Is legislation pending on bankruptcy, pension plans and lenders?

31 January 2019

Public consultations on enhancing retirement security led by the Ministry of Innovation, Science and Economic Development Canada closed in late 2018. Given the importance and complexity of the subject matter, the one-month consultation period offered by the government was curiously short. Given that 2019 is an election year, the quick completion of the process could suggest that the federal government anticipated the direction in which it would proceed with any legislation.



Earlier in 2018 legislation was introduced in the Senate by Liberal Senator Art Eggleton to, among other things, amend the Bankruptcy and Insolvency Act (“BIA”) and the Companies’ Creditors Arrangement Act (“CCAA”) to ensure that unfunded liabilities or solvency deficiencies of pensions would be granted priority in the event of bankruptcy proceedings. Although it seems unlikely that a bill introduced in the Senate will proceed, could this be an indication of the view of the government on the subject?

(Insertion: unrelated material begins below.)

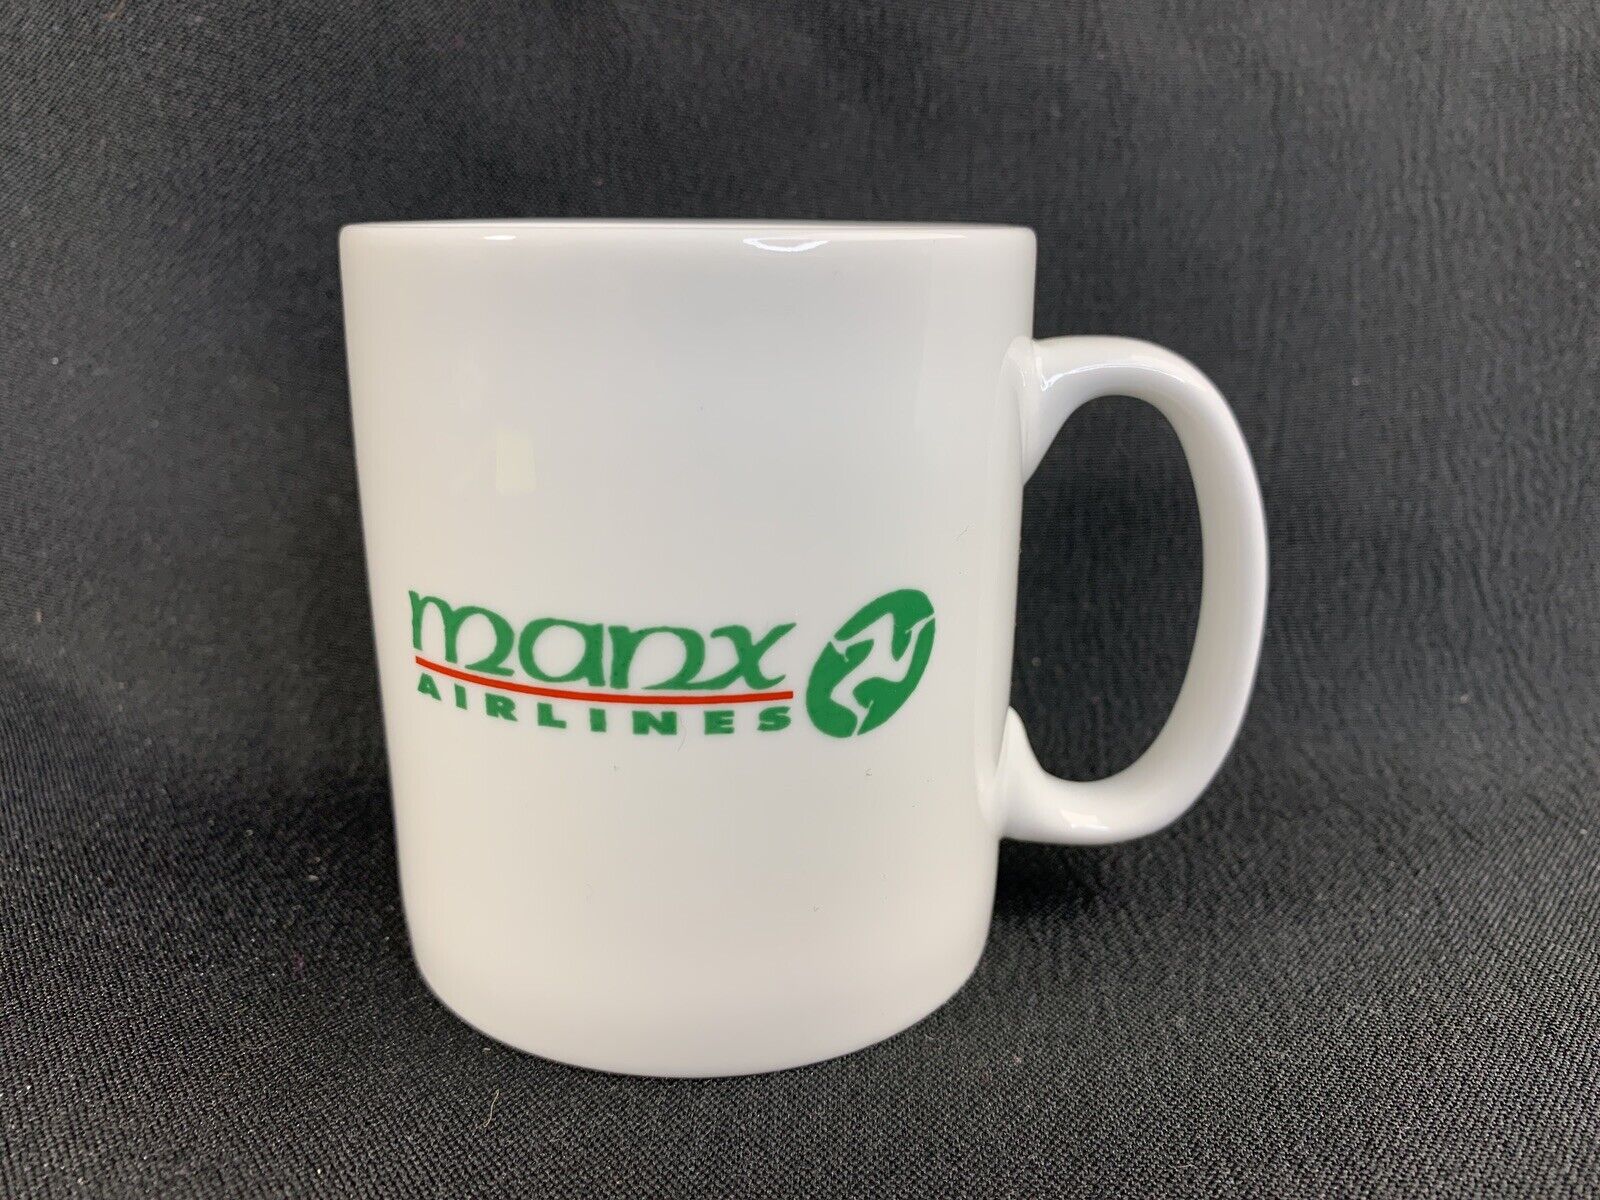 VIntage Isle of Man Manx Airlines Logo Coffee Cup or Mug Green Logo on White Mug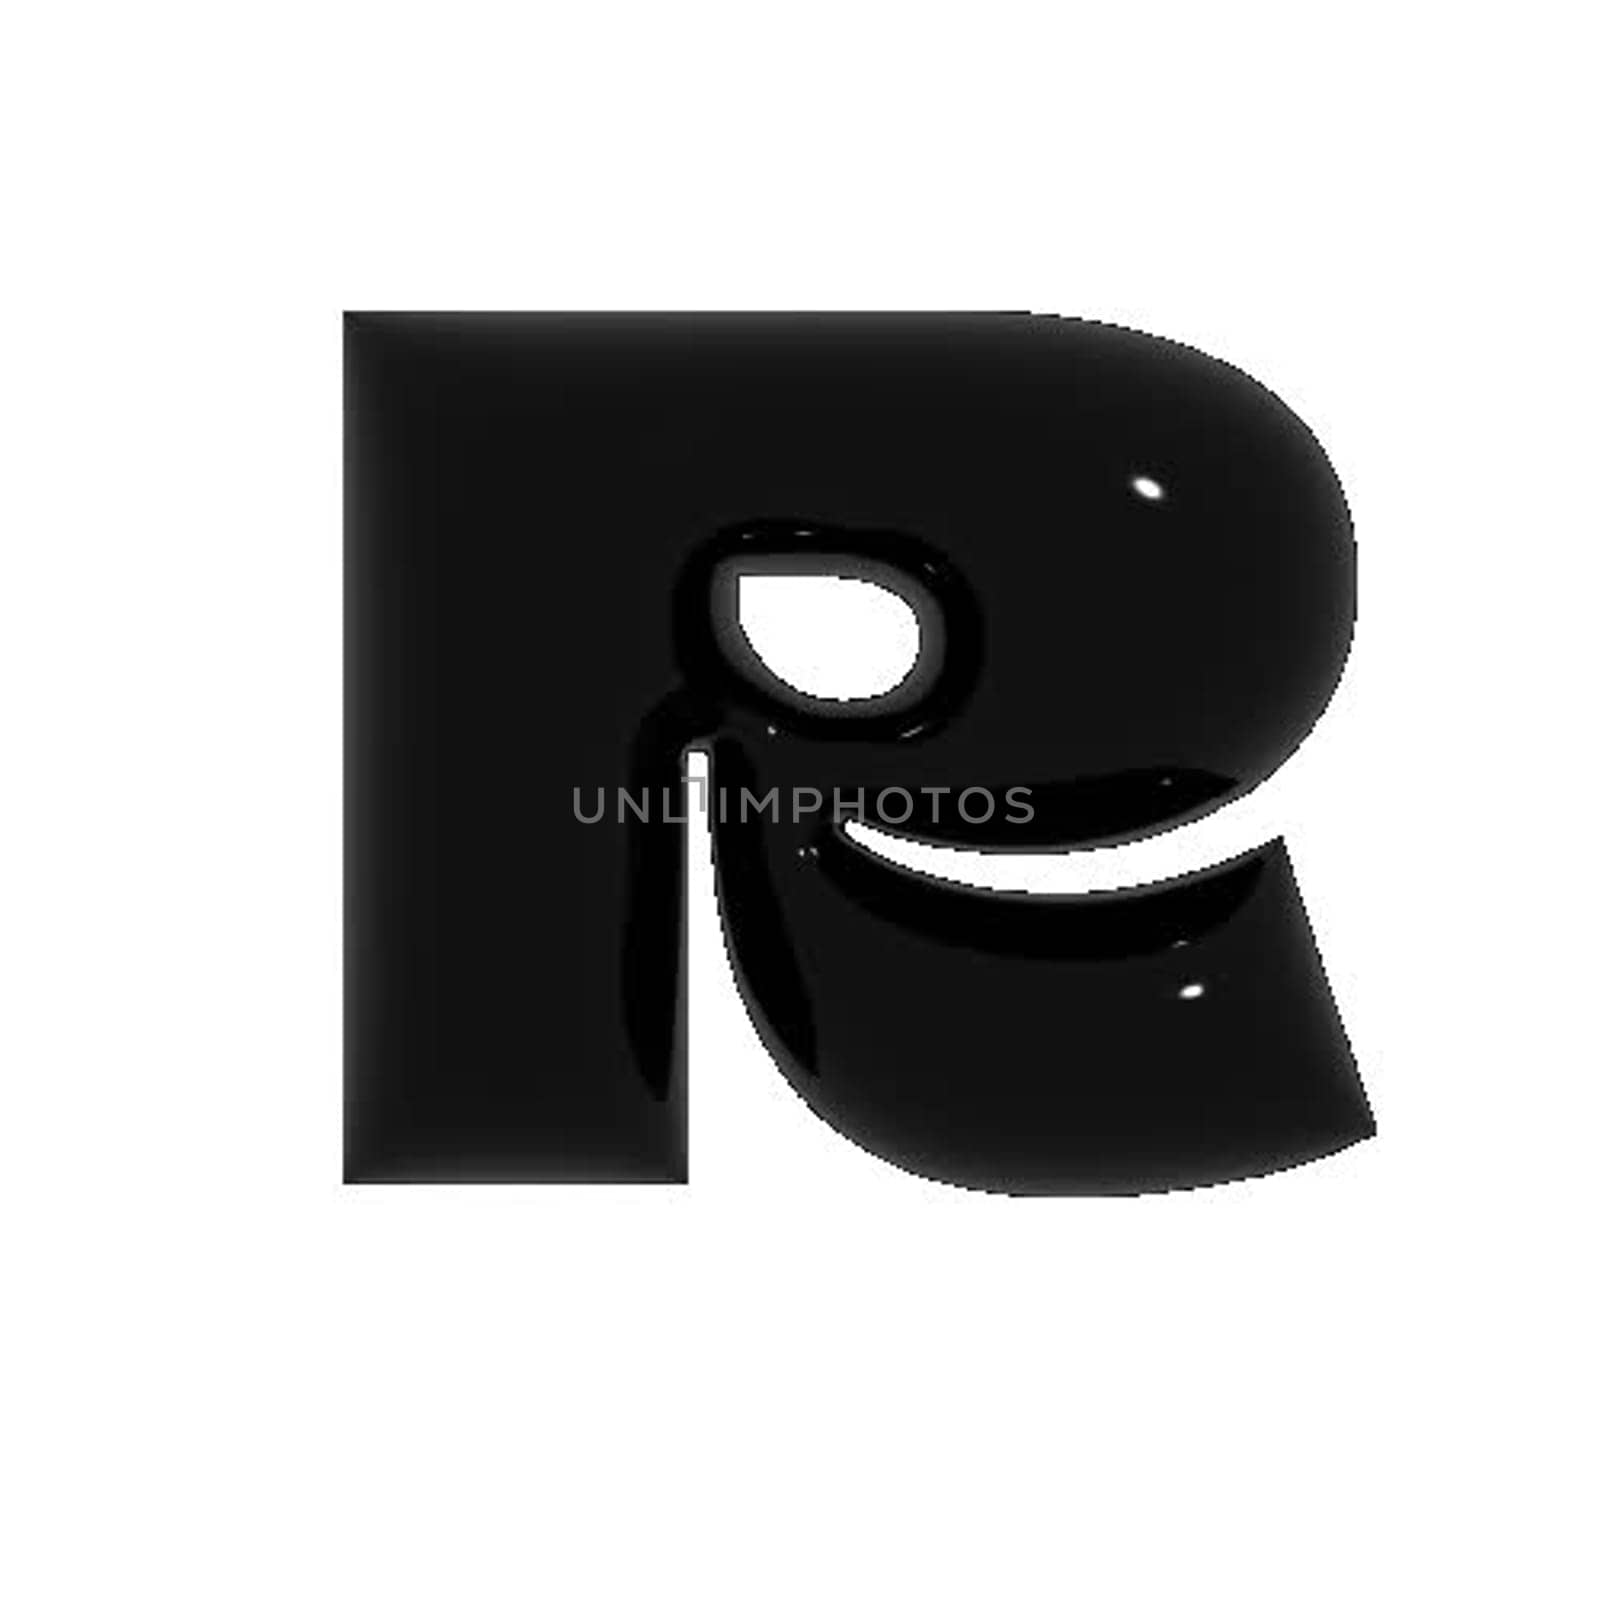 Black metal shiny reflective letter R 3D illustration by Dustick

The Ministry’s consultation document contains a backgrounder as to the current landscape of pensions in Canada. While describing that our retirement income system is strong, it notes falling defined benefit plan membership and pressures on employment-based pension plans due to demographic trends and economic factors. Current legislative protections are described as adequate and the 2008-2009 BIA and CCAA amendments to protect outstanding pensions and wages up to $2000 ahead of secured creditors are highlighted. A 2014-2015 review of this legislation is also noted as having failed to reach consensus due to concerns about shifting pension losses to other creditors.

Having recapped this background, among other governance items, the Ministry asked for comments and views on previously-provided proposals, such as amending insolvency legislation to ensure that unfunded pension liabilities are paid ahead of the claims of secured creditors and that employee claims for the termination of employee benefits are paid before secured creditor claims. The request for comments noted this as the “starting point”. In response, the Pension Investment Association of Canada issued a strongly worded statement in opposition to further enhanced super-priorities for pension liabilities as having negative effects on the availability of credit for companies that sponsor defined benefit plans.

In addition the consultation document mentions the possibility of amendments to the CCAA that would allow for enhanced protection of pensioner interests. These could include, the document suggests, increase participation for pensioner and employer groups by limiting the scope of initial CCAA orders, requiring creditors to disclose their real economic interest and imposing good faith duties on all parties.

In light of the Sears insolvency, the tenor of the backgrounder and the short consultation process, it is not unreasonable to predict the introduction of legislation that trends further along the lines of the 2008-2009 amendments in terms of limiting secured claim priority when pension unfunded liabilities and wage shortfalls exist.